Monday, May. 31, 1982
Conceits
By Paul Gray
SABBATICAL. A ROMANCE
by John Bank
Putnam: 366 pages; $14.95
A teacher named Susan Rachel Allan Seckler Turner is planning a scholarly study of "Twins, Doubles and Schizophrenia in the American Literary Imagination.'" She is a twin. So is her husband, Fenwick Scott Key Turner. And so is their creator, Author John Earth, whose fiction (including this novel) fits admirably into Susan's thesis. Could it be that characters create their authors and art generates life? What if everyone is really living in someone else's dream?
Such shopworn conceits abound in Sabbatical, plus stories within stories, objets trouves (newspaper clippings) and many, many footnotes. In other words, Earth is up to a lot of his old tricks. His performance this time begins with the end of a nine-month Caribbean sea journey by Susan and Fenwick. They have steered their cruising sailboat back to its starting point in Chesapeake Bay. thus describing "the closing of the circle." Now what? They have failed to make certain decisions while at sea. Should Susan have a baby or accept a tenured position at Swarthmore? Fenwick has a similar problem. A former employee of the CIA, he has published a book exposing some of the agency's skulduggeries. Now he must choose between capitalizing on his notoriety via the lecture circuit or accepting an adjunct professorship at the University of Delaware. As if these problems were not taxing enough, they are jointly writing a novel. They are in fact writing this novel.
The task makes them a trifle selfabsorbed. "The world is a seamless web," Susan declares at one point, which means that telling the story of how they met forces them to start all the way back at the Big Bang. A corollary of this notion troubles Susan: "We don't believe that Harry Truman created the Central Intelligence Agency for the sake of this story, do we?" Fenwick does not answer.
As the cosmos revolves around them, other characters occasionally appear in person or memory. There is Fenwick's twin brother Manfred, a more sinister CIA agent, recently drowned under suspicious circumstances. Manfred's son (by Susan's mother) is either in a Chilean prison or dead. Susan's twin sister Miriam pops up when the story needs her; she is still scarred from being raped by a motorcycle gang and tortured by the Shah's secret police in Iran. She and her current lover, a Vietnamese refugee, have an infant son named Edgar Allan Ho.
A long, terrible war is reduced to a lame pun; death, rape and torture become narrative incidents, useful for advancing the plot. Meanwhile, Susan and Fenwick congratulate themselves on how well they are living and writing their novel. "My hat is off to us," Susan says. "Well done, us." She leads cheers for her husband's sensitivity: "That's some intuition you had there on that rampart." Fenwick returns the compliment: "What a teacher you are, Suse. No wonder your students fall in love with you."

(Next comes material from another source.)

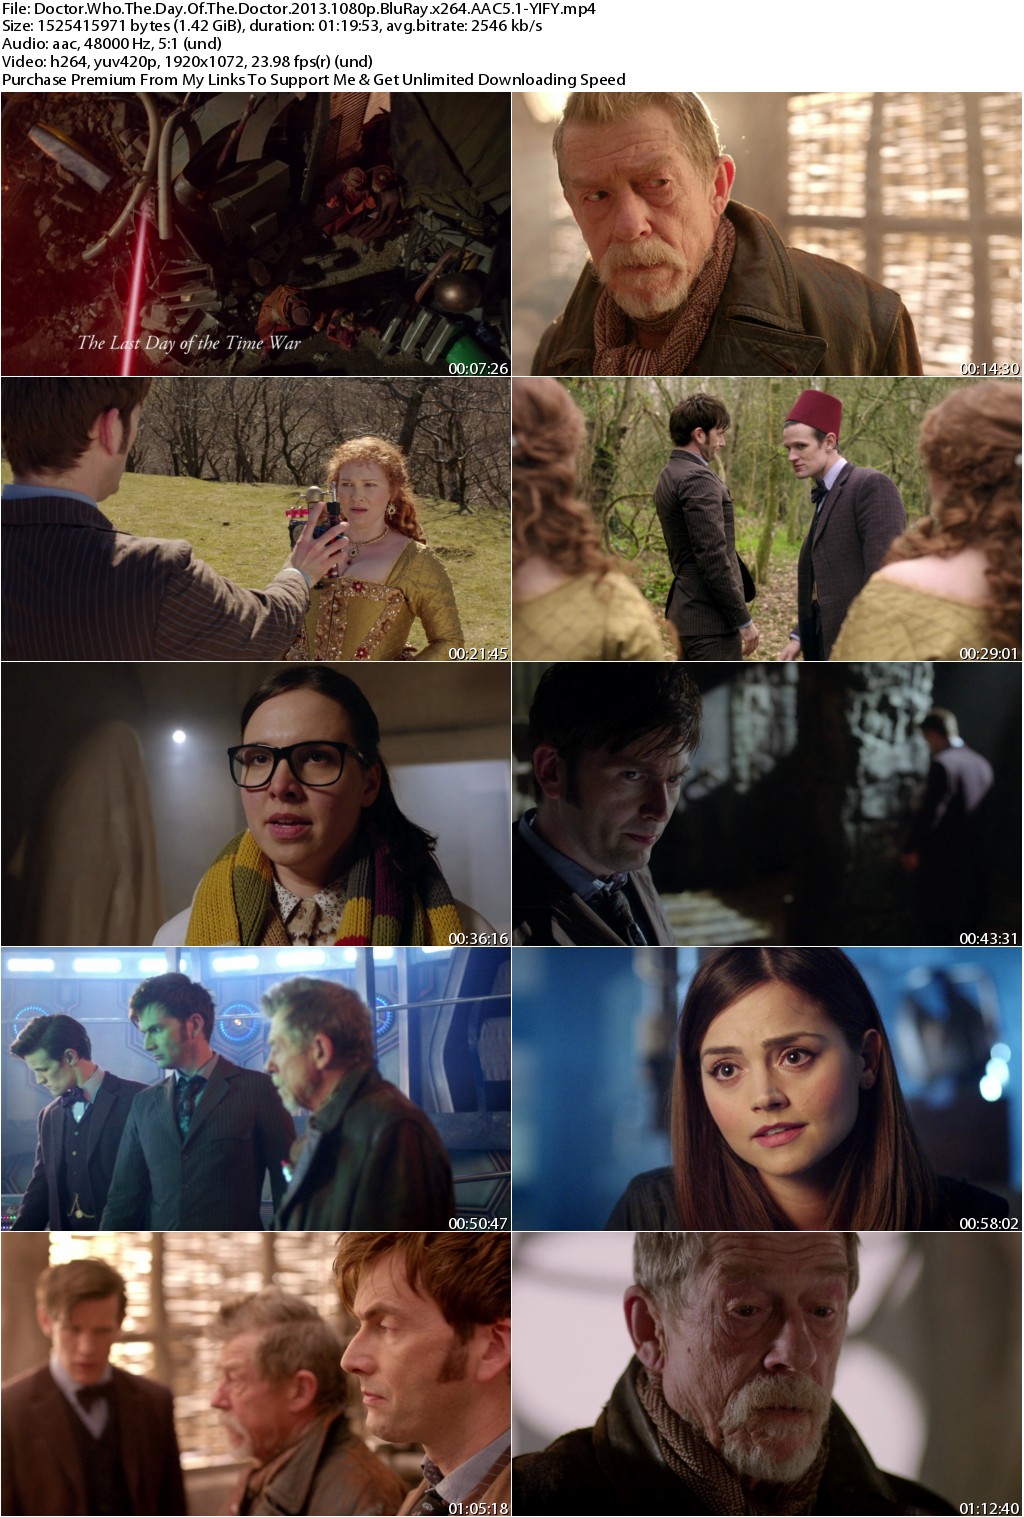 Doctor Who The Day Of The Doctor (2013) 1080p BluRay x264 AAC5.1-YIFY

The possibility that these people are monomaniacal monsters is never raised. Readers steeped in Earth's work--five earlier novels, including The Sot-Weed Factor (1960), and two collections of shorter fiction--may be able to deny or evade this issue. Art is pattern and design, after all, not morality. Or, on another front: a writer must use material, however unpleasant, not weep over or try to correct it. Fine. But those who feel claustrophobic in the presence of smug, self-deluded solipsism may also decide to skip the whole experience. Barth has often been a pleasant guide through the states of his mind; Susan and Fenwick, his alter egos, are not.